I tre episodi si sono verificati nel giro di pochi giorni. L’Ausl, intanto, definisce “alquanto critica” la situazione delle detenute nell’Articolazione tutela salute mentale del carcere, mentre l’Ordine degli avvocati parla di “condizioni non degne di un Paese civile”.
Una settimana fa si è diffusa la notizia del decesso di una detenuta nel carcere bolognese della Dozza, una 55enne originaria della Repubblica slovacca, morta dopo aver inalato gas dalla bomboletta del fornelletto che nelle celle viene usato per cucinare: un suicidio, visto che insieme al corpo è stato trovato anche un messaggio di addio. Si è saputo poi che solo pochi giorni dopo un’altra detenuta ha cercato di togliersi la vita, in questo caso impiccandosi, ma secondo le informazioni circolate il suo gesto è stato sventato dall’intervento di un agente della Penitenziaria. Ma non è tutto, perchè Zic.it ha infatti appreso che nei giorni immediatamente precedenti al primo suicidio si è verificata la morte di un’altra detenuta, trovata esanime nel suo letto al mattino: in un primo momento si è ipotizzato che a causare la morte fosse stata un’overdose di psicofarmaci, poi sembra essersi accredita la spiegazione del decesso per cause naturale. In ogni caso, su una settantina di donne ristrette alla Dozza, nel giro di pochi giorni due donne sono morte e un’altra ha cercato di uccidersi.
Allo stesso tempo, viene segnalato che la situazione “della popolazione detenuta femminile nell’Articolazione tutela salute mentale (Atsm) della Casa circondariale di Bologna denominata ‘Il Girasole’ è alquanto critica”. Le detenute “affette per lo più da patologia psichiatrica severa”, sono “recluse in un ambiente limitato e con minime interazioni sociali dove sono limitate profondamente le attività riabilitative implementabili dal personale sanitario in servizio” e “in tale contesto si sono visti aumentare gli episodi di tensione, irritabilità e impulsività”. Lo ha comunicato l’Unità operativa di Psichiatria forense del dipartimento di Salute mentale dell’Ausl, chiedendo allo stesso dipartimento di autorizzare tre progetti terapeutico-riabilitativi per le detenute.

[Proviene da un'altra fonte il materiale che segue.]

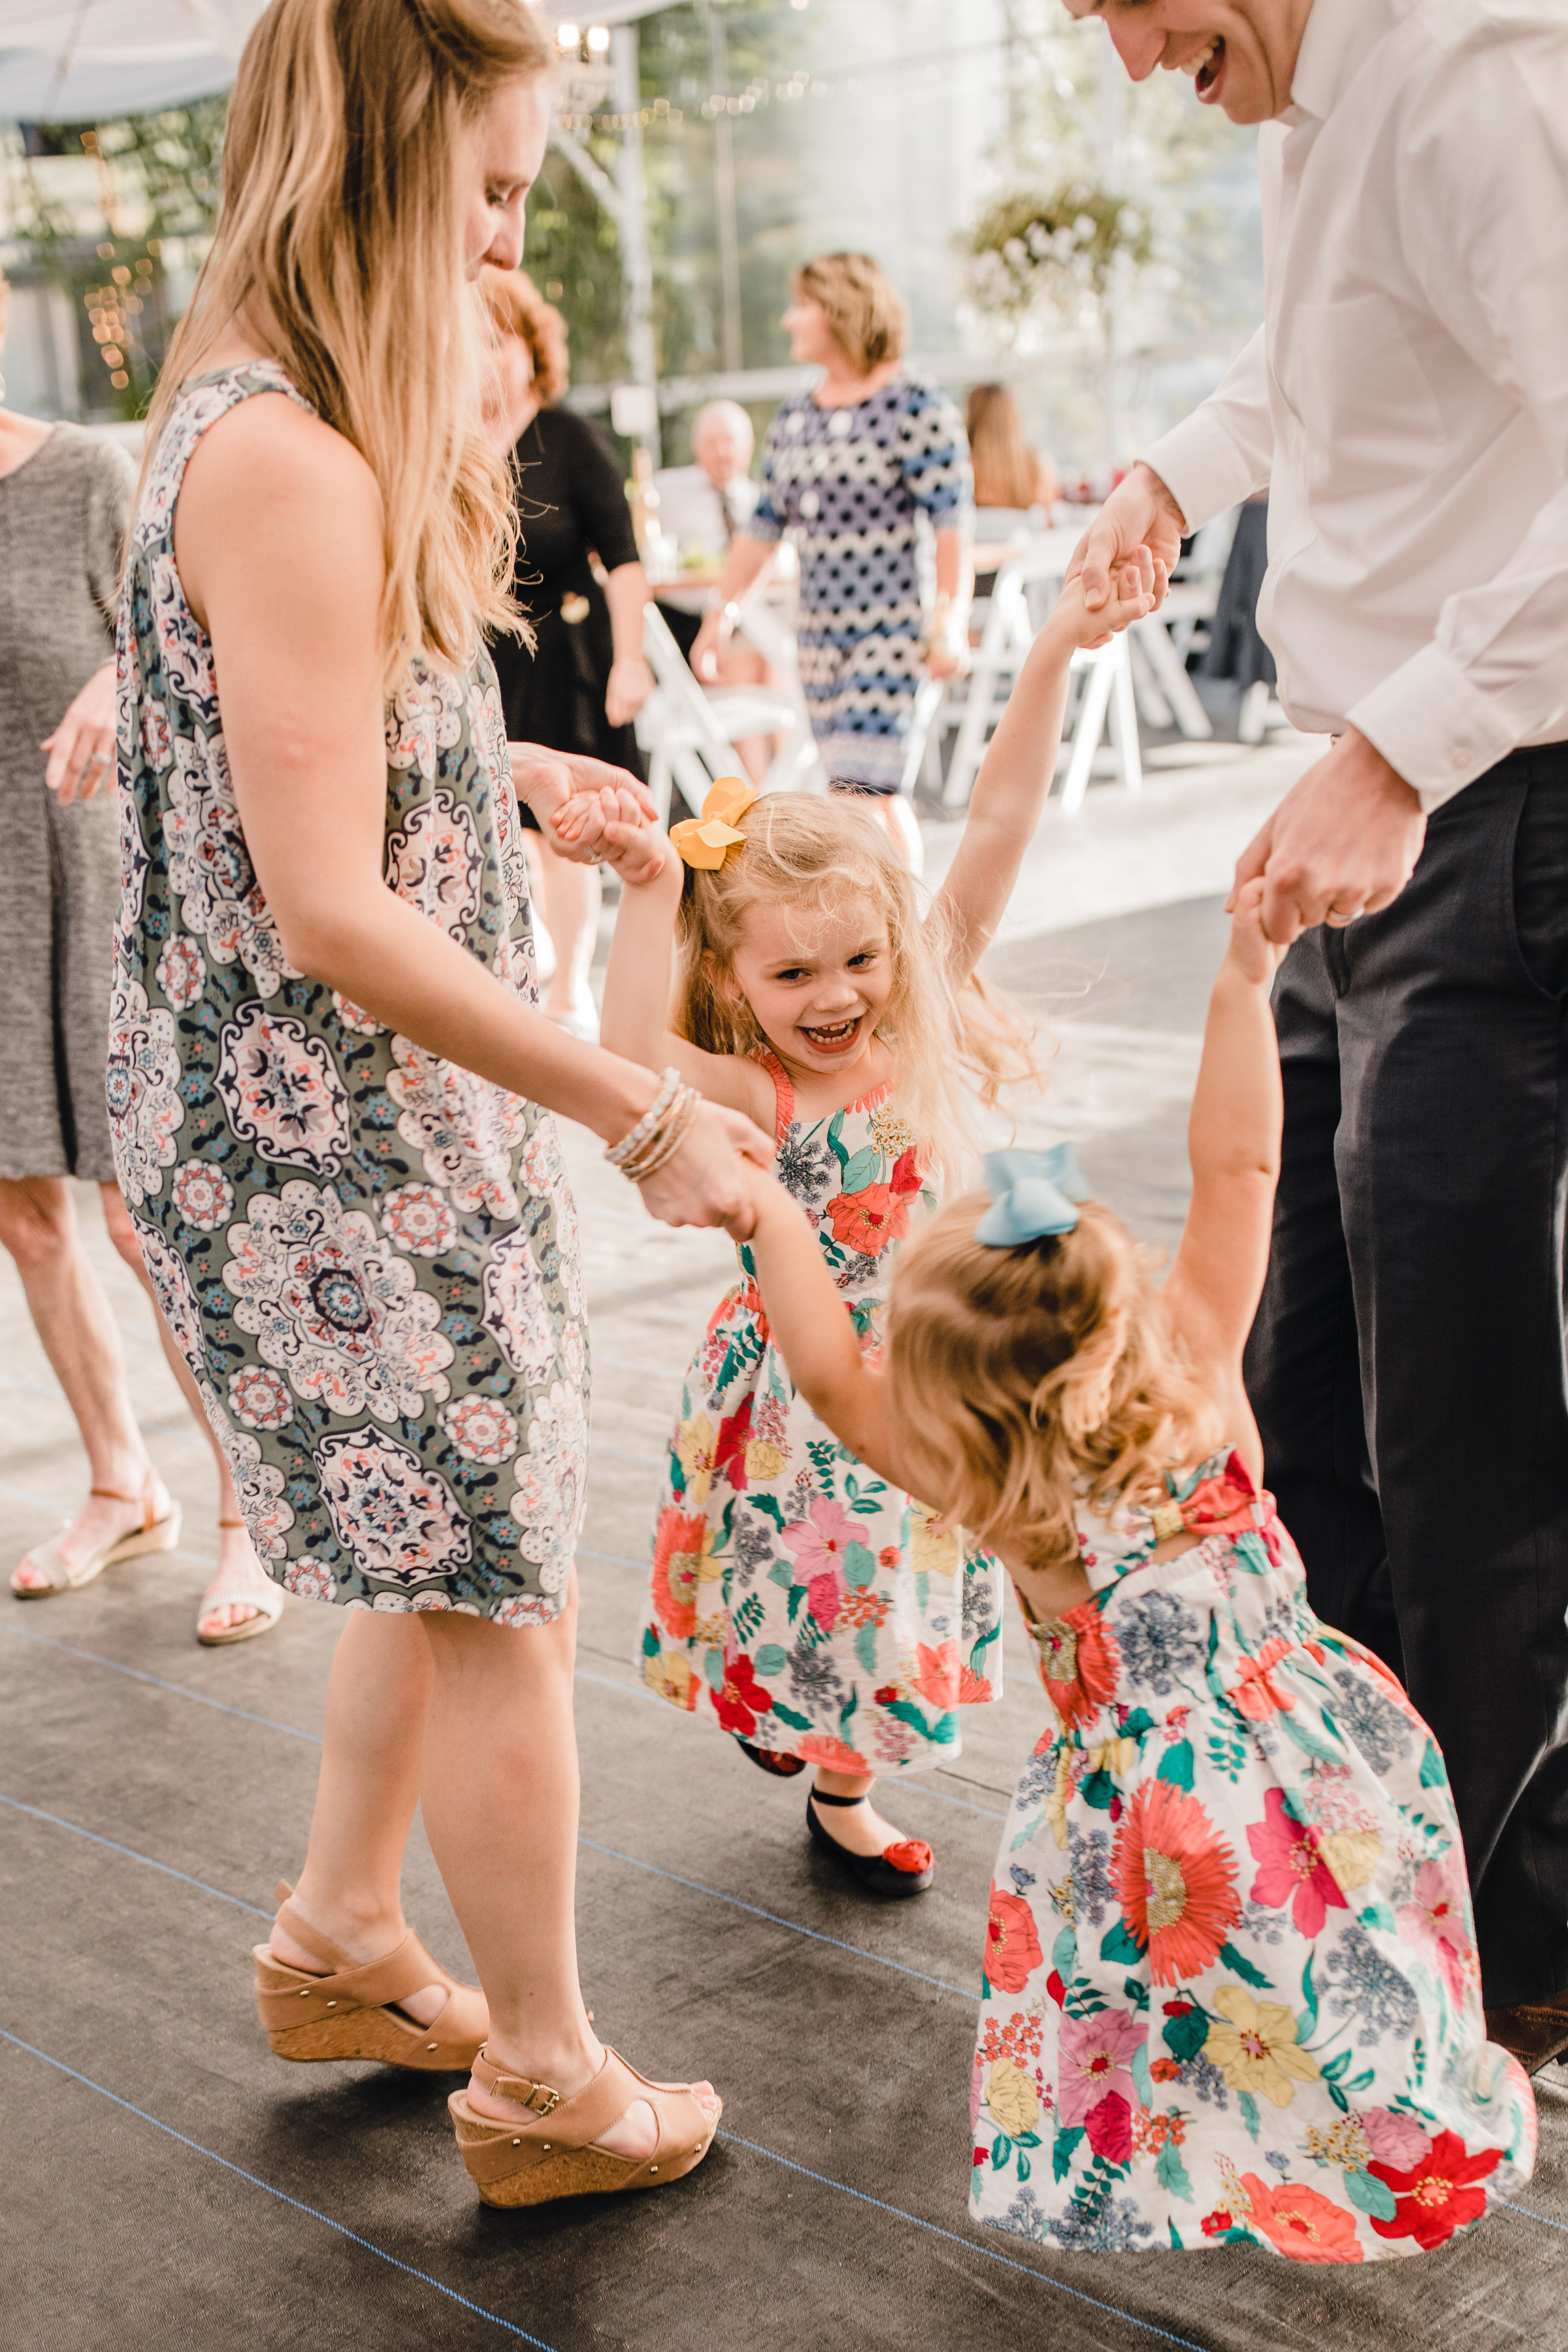 professional wedding photographer olympia washington wedding reception dancing kids holding hands smiling

Si tratta della prosecuzione dei progetti autorizzati nel 2023 e “valutati positivamente in termini di risultati sul clima della Sezione e di raggiungimento degli obiettivi riabilitativi delle pazienti”. Di qui, viste anche le relazioni sulle precedenti esperienze e sui risultati positivi che hanno portato, l’ok ai tre progetti per il periodo marzo-dicembre di quest’anno: “Interventi di pet therapy”; “Laboratorio di pittura murale”; “Attività sperimentale di teatro”. E’ stato dunque dato di recente semaforo verde ai progetti che richiedono una spesa di 7.500 euro.
Sulla situazione attuale della Dozza, sempre negli ultimi giorni e in particolare dopo il suicidio della detenuta 55enne, si è espresso anche l’Ordine degli avvocati di Bologna chiamando in causa il sindaco Matteo Lepore, che “ha la responsabilità della salute di tutti i cittadini, perché sappia che a Bologna c’è un luogo dove le vite valgono molto meno di altri luoghi della stessa città e si spengono per mancanza di speranza”. L’Ordine ha evidenziato le “condizioni non degne di un Paese civile” in cui vivono “gli oltre 850 detenuti, su una capienza regolamentare di 500 posti”, sottolineando che data “l’incapacità dello Stato di assicurare luoghi e dotazioni adeguate al rispetto dei principi costituzionali e alla dignità dei detenuti e del personale penitenziario, bisogna tornare a pensare a provvedimenti urgenti ed eccezionali”, nello specifico “amnistia e indulto, che non possono più essere considerate parole ‘eretiche'”.